** Opening SUPPLIED MATERIAL block **
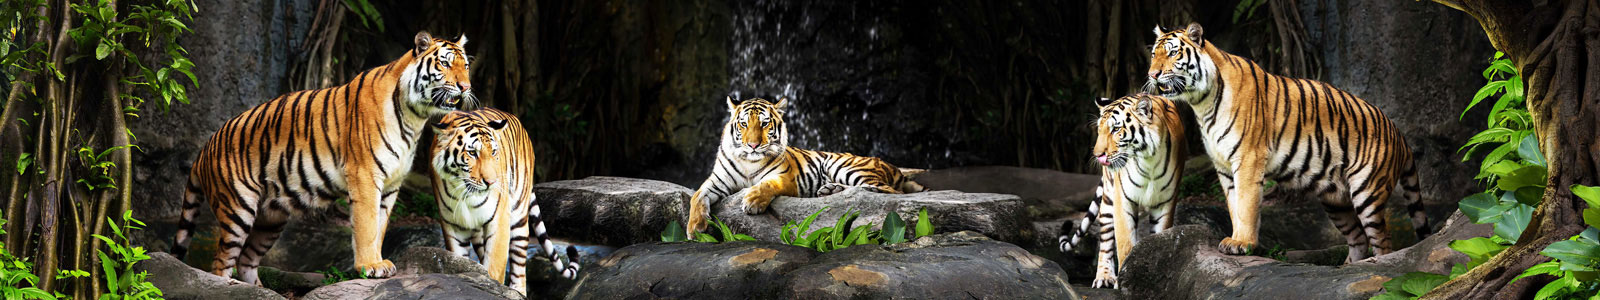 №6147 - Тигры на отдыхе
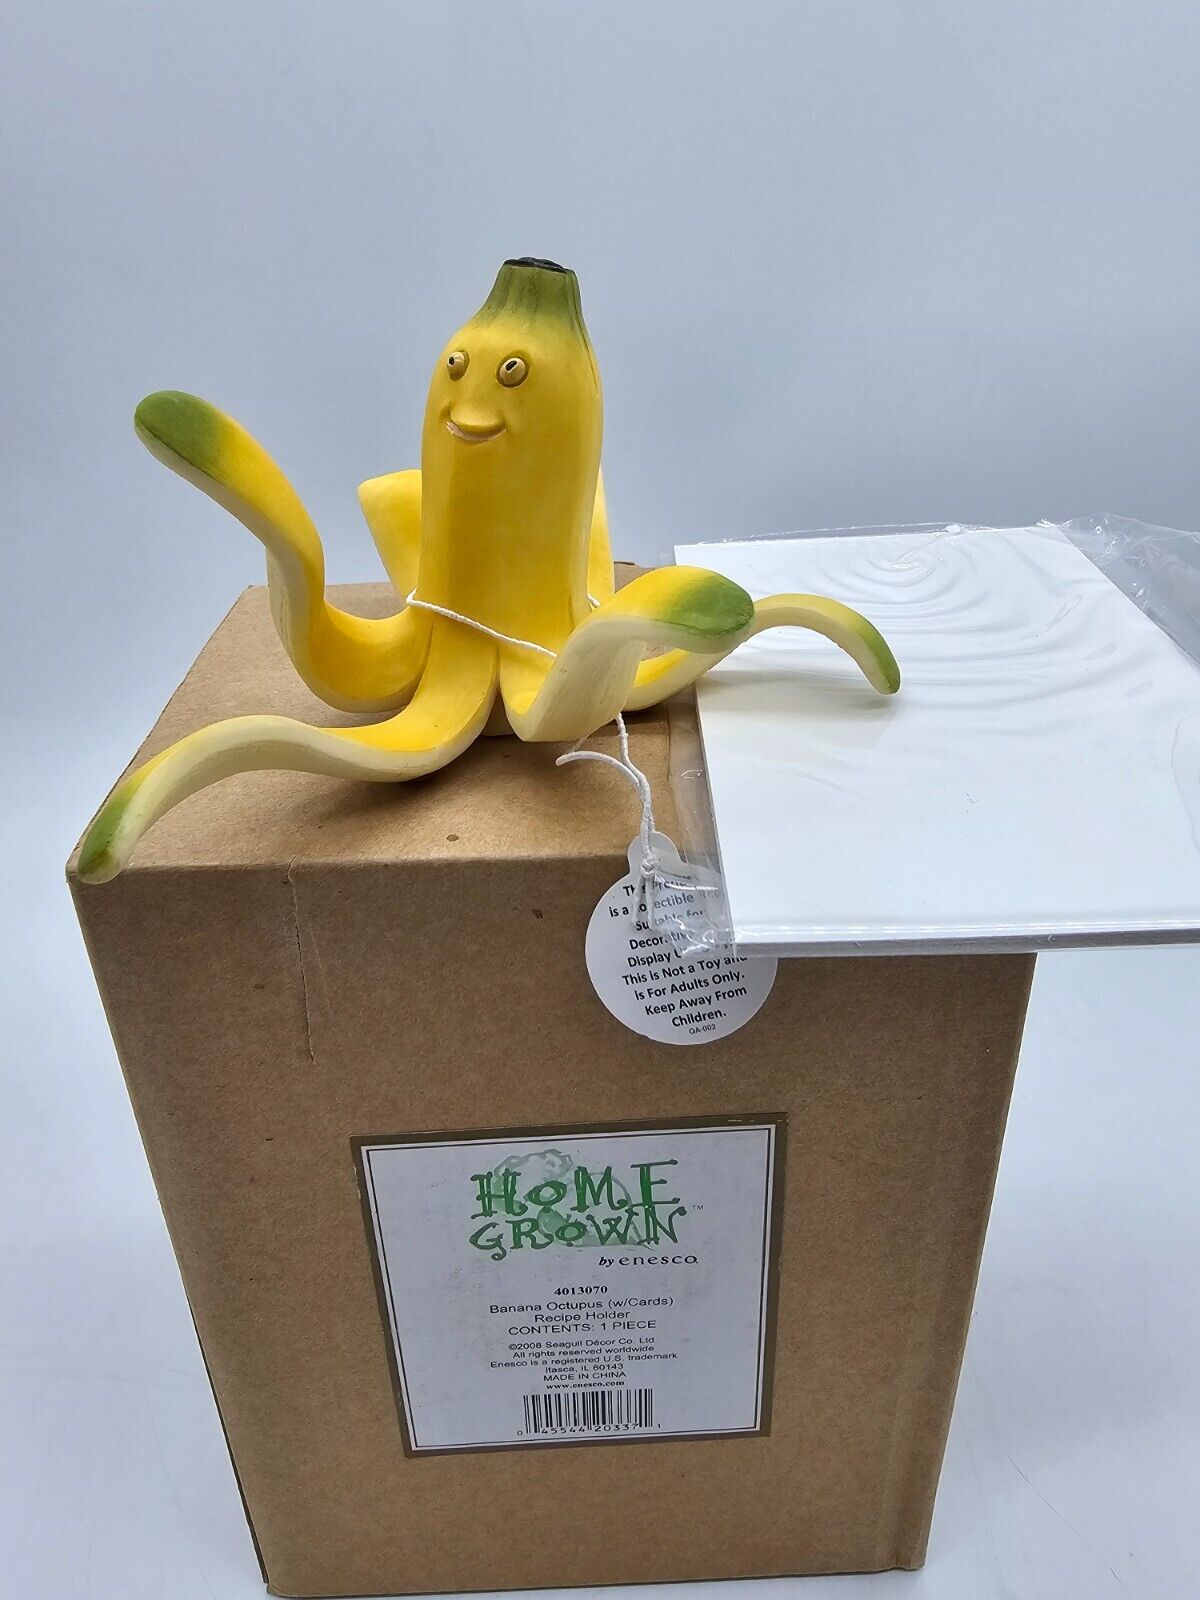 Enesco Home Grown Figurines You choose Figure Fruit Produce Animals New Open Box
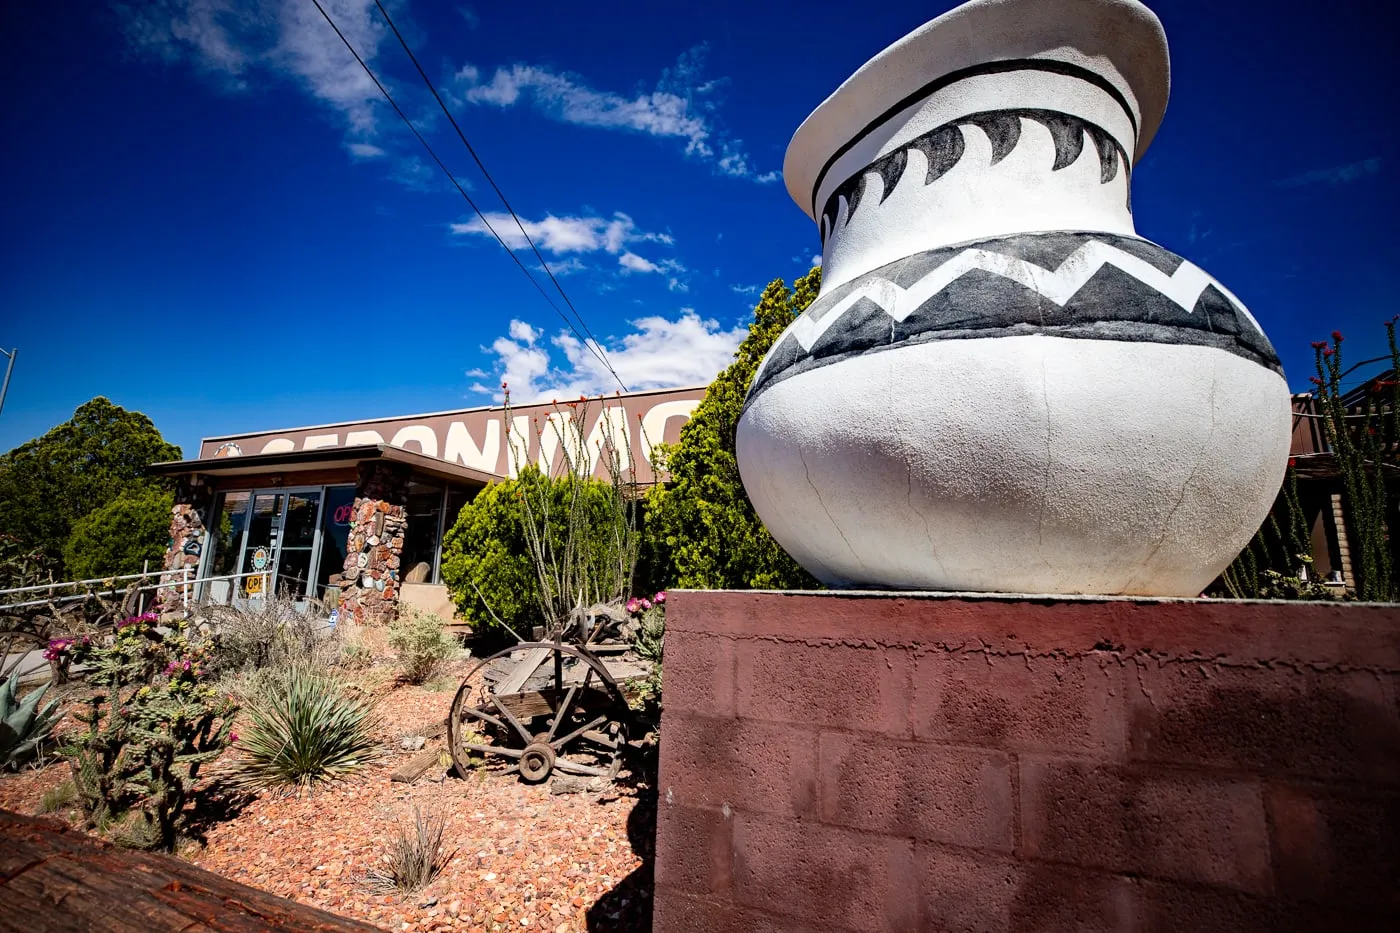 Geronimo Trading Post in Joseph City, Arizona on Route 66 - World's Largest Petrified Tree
** Closing SUPPLIED MATERIAL block **
> WHAT TO WORK ON
Working from the line that contains "Enesco Home Grown" to the last line of the listing, please quote each line exactly, pictures excluded.

> TASK ANSWER
 Enesco Home Grown Figurines You choose Figure Fruit Produce Animals New Open Box
 Geronimo Trading Post in Joseph City, Arizona on Route 66 - World's Largest Petrified Tree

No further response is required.